■ EXERCISE PROMPT: The copy should begin at the line containing "Silver White Plaid" and end at the last line of the material. Please reproduce those lines exactly and keep pictures out.

■ GIVEN INFORMATION:
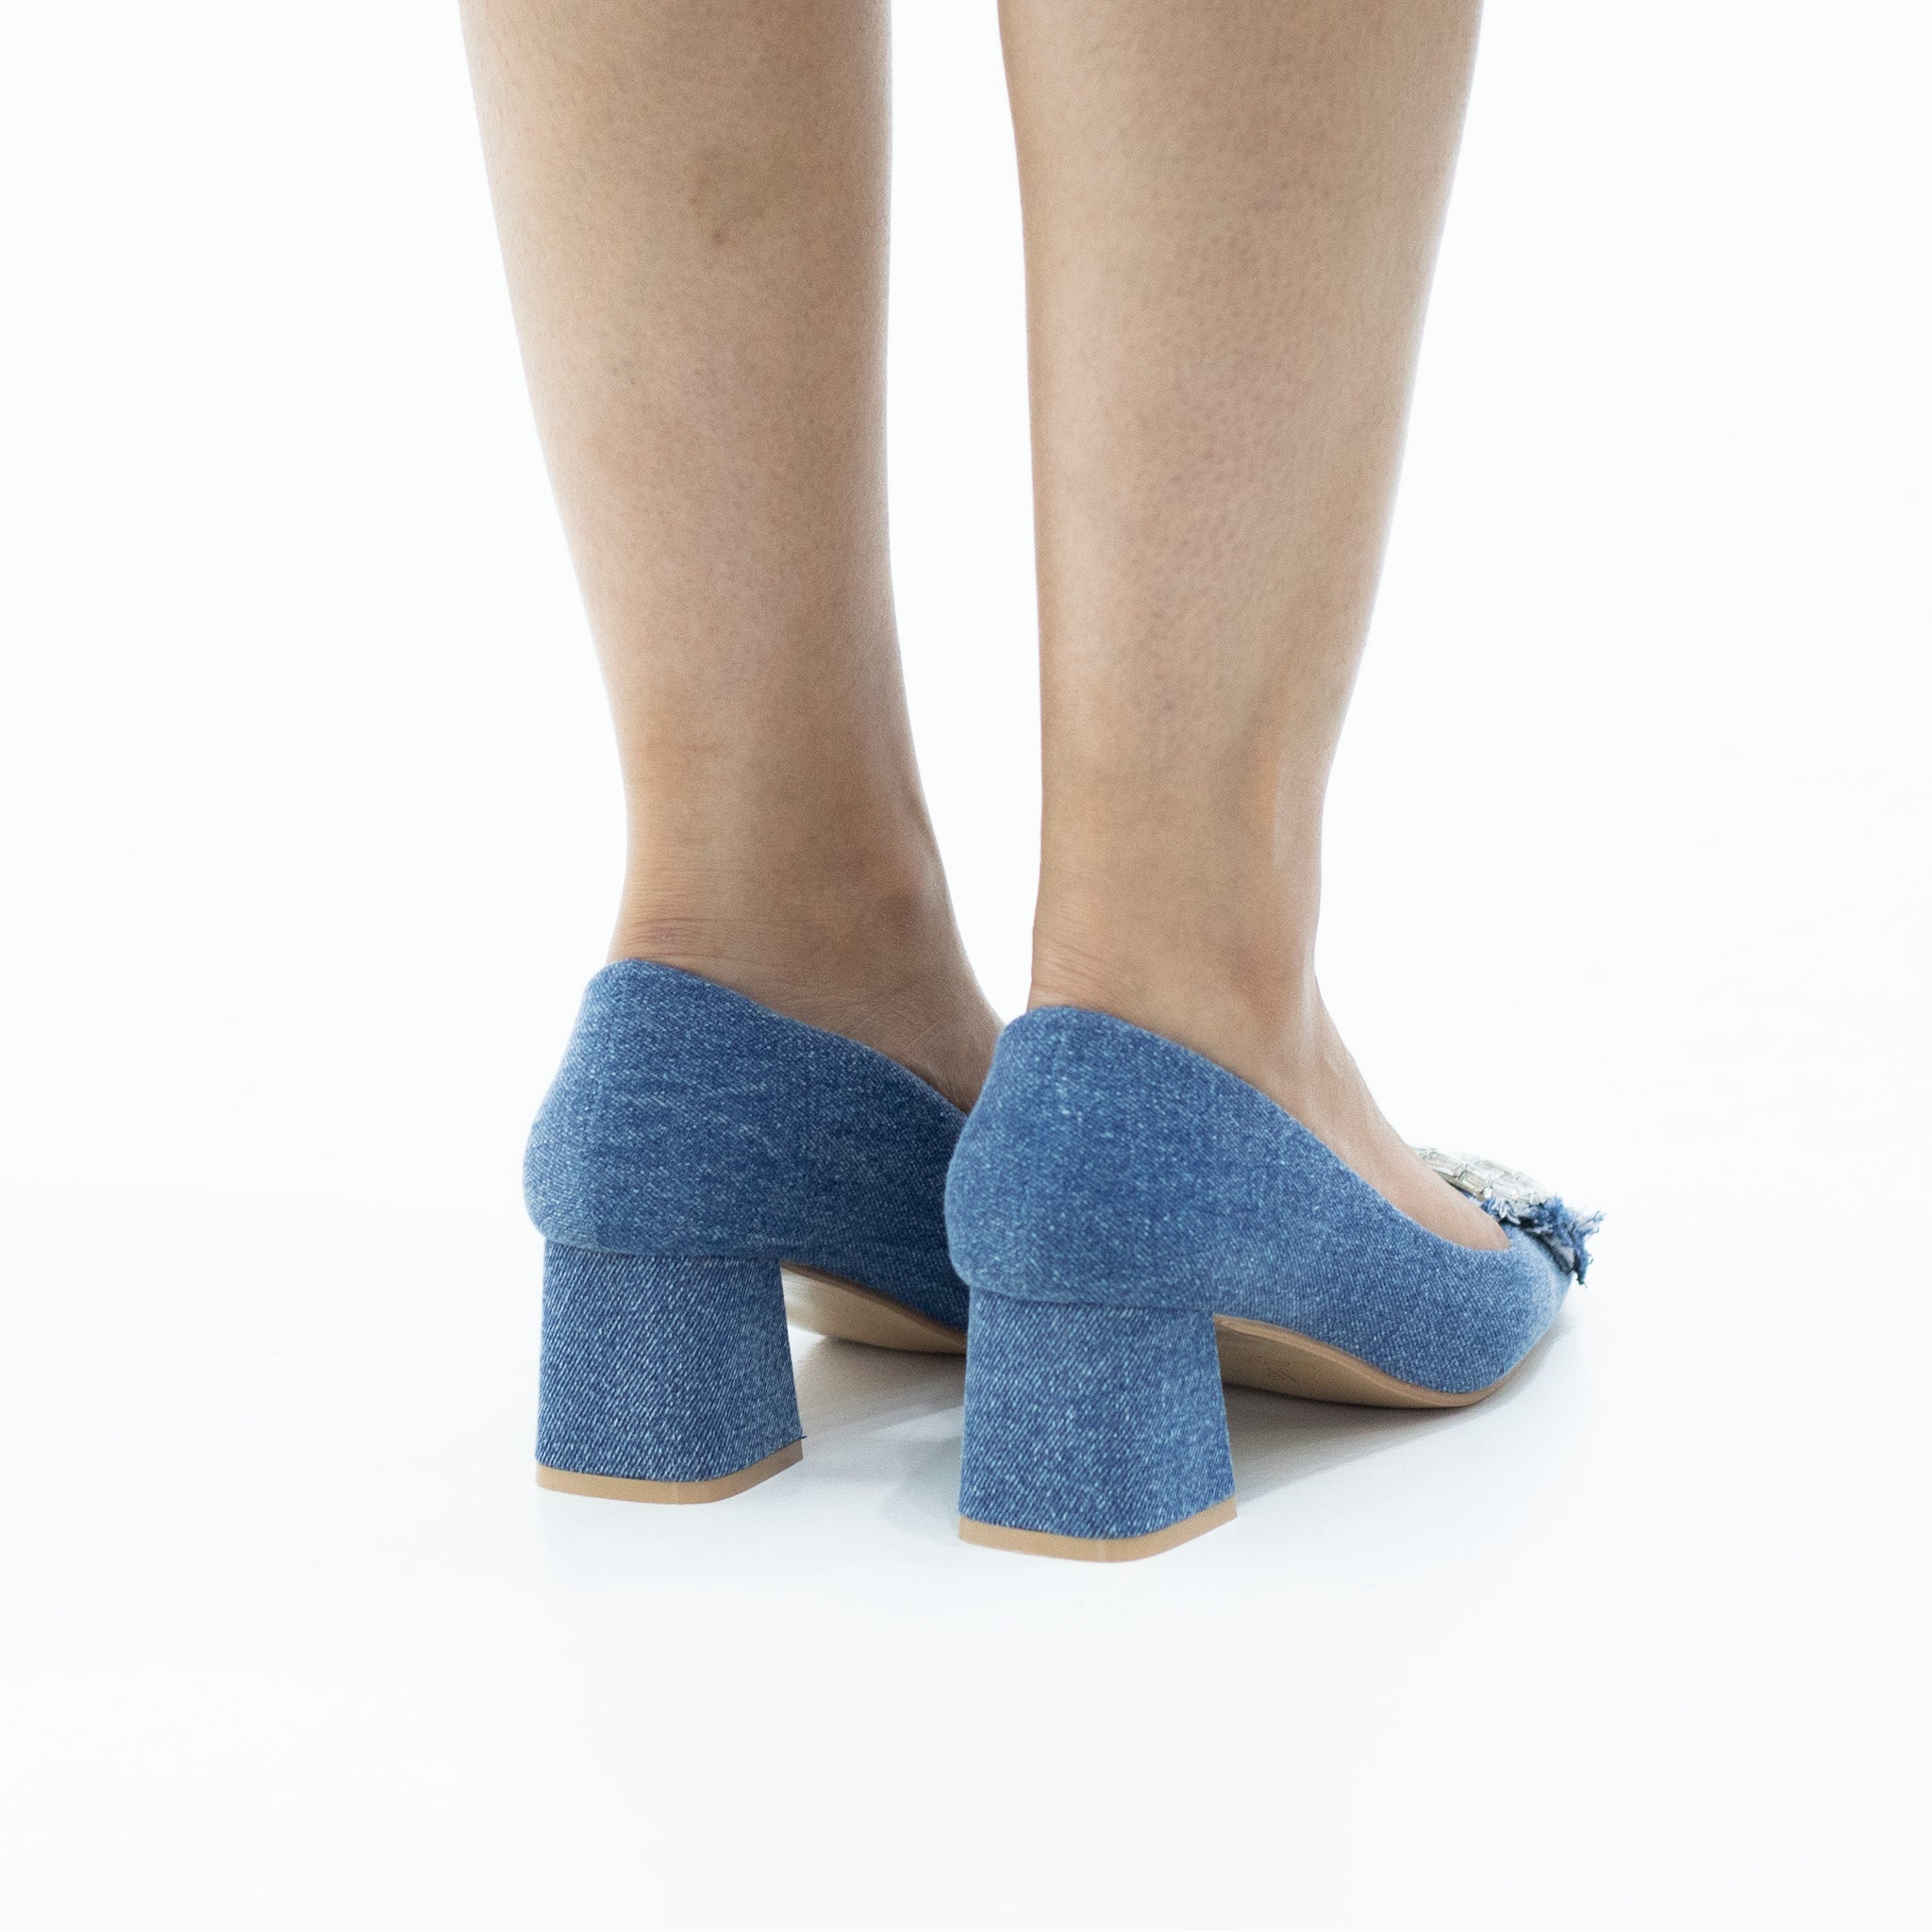 Denim jeans comfort 5.5cm heel court shoe with a regt trim wikola
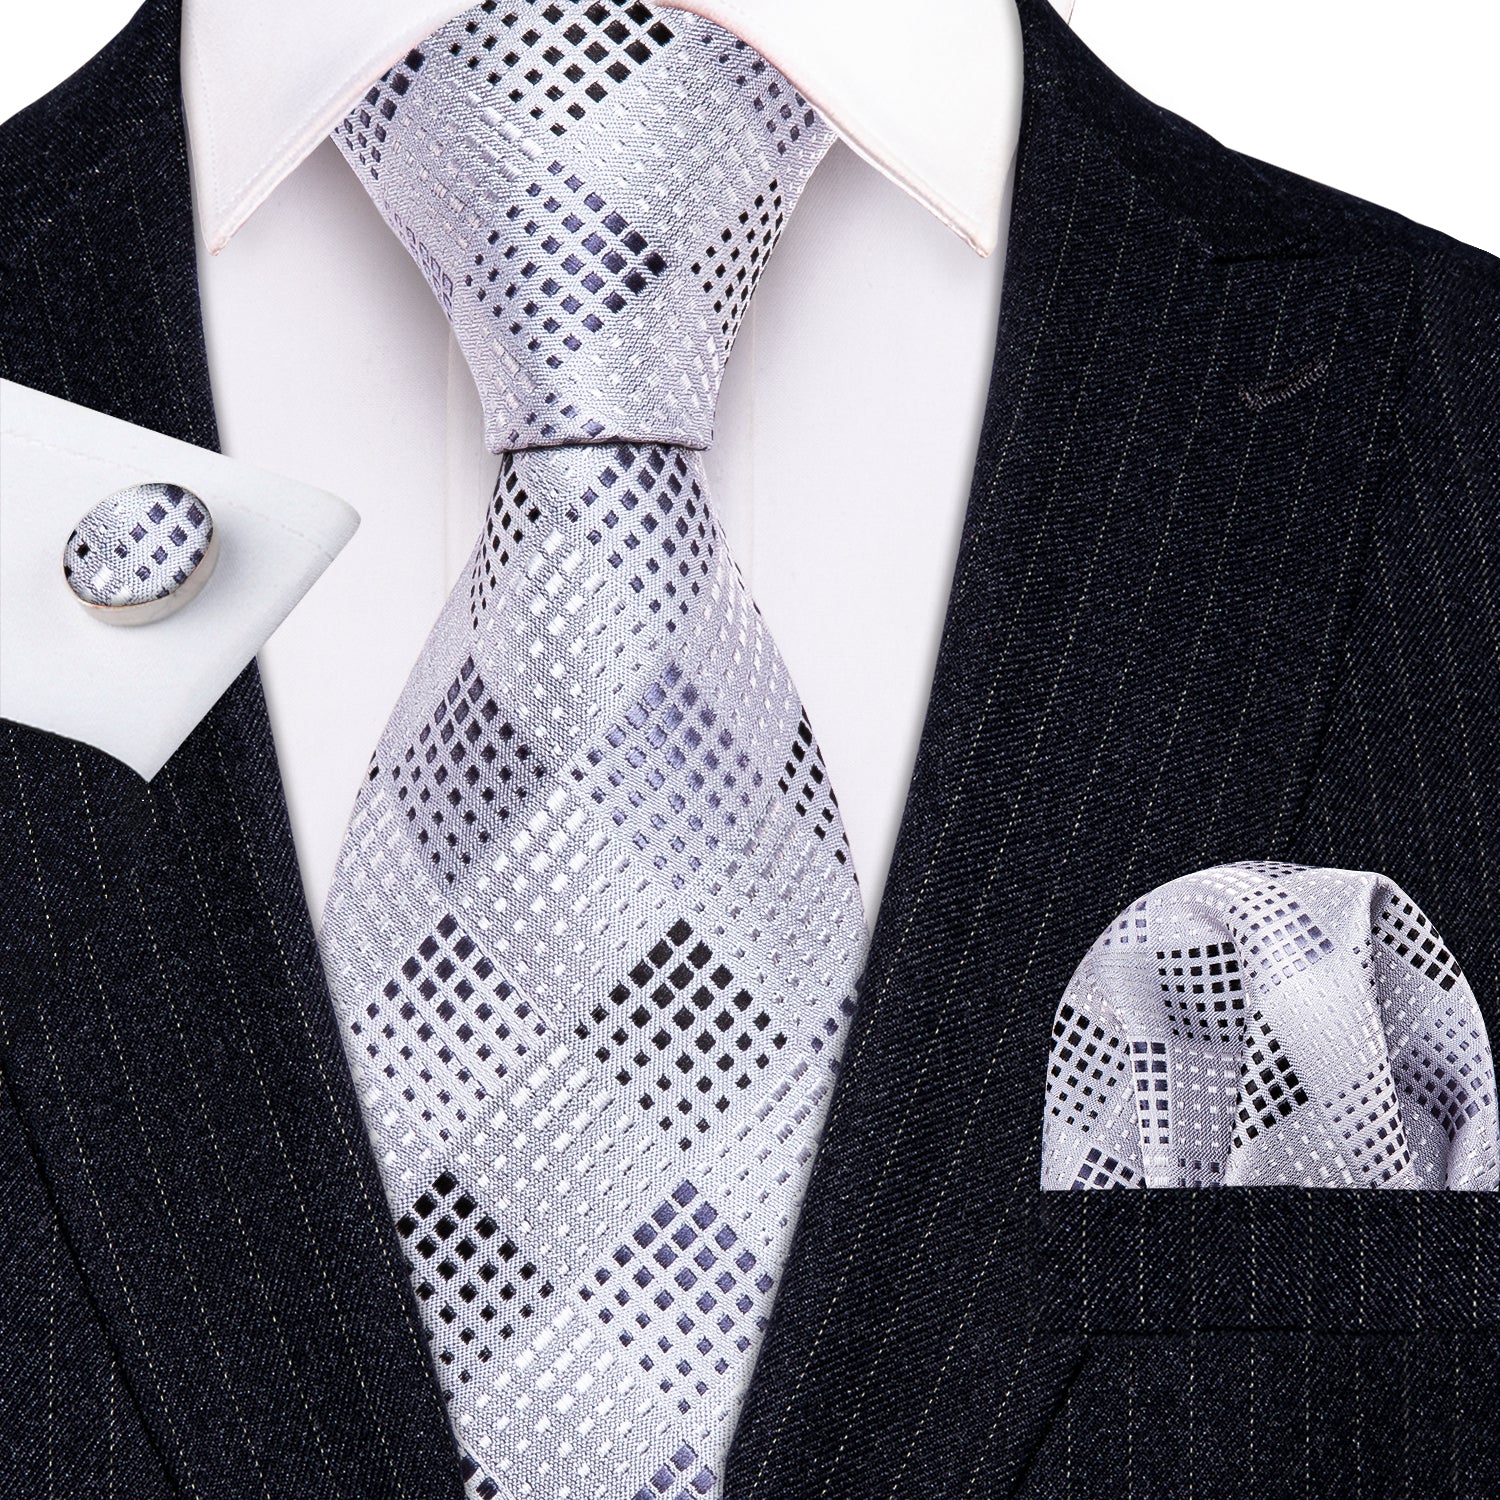 Silver White Plaid Silk Men's Tie Pocket Square Cufflinks Set
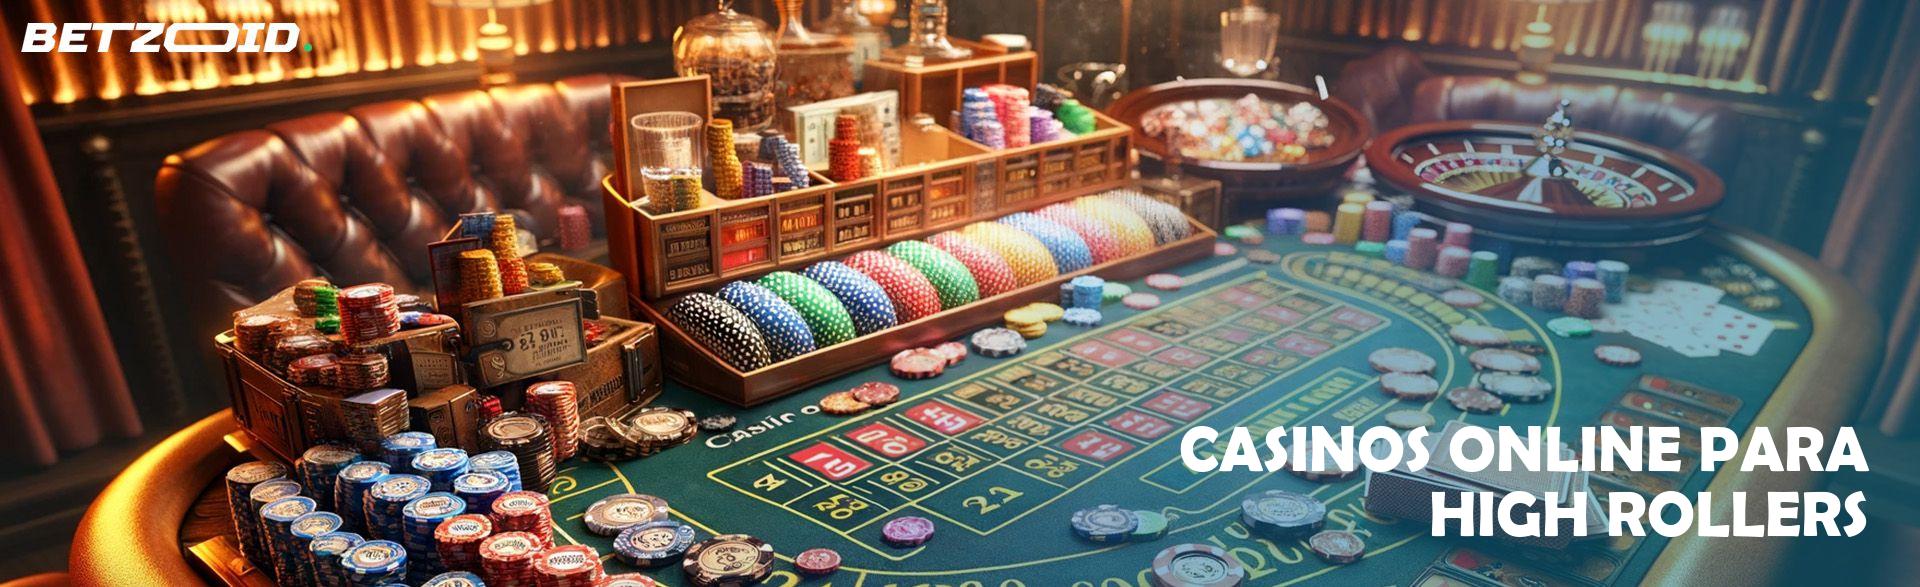 Casinos Online Para High Rollers.

■ TASK RESPONSE:
 Silver White Plaid Silk Men's Tie Pocket Square Cufflinks Set
 Casinos Online Para High Rollers.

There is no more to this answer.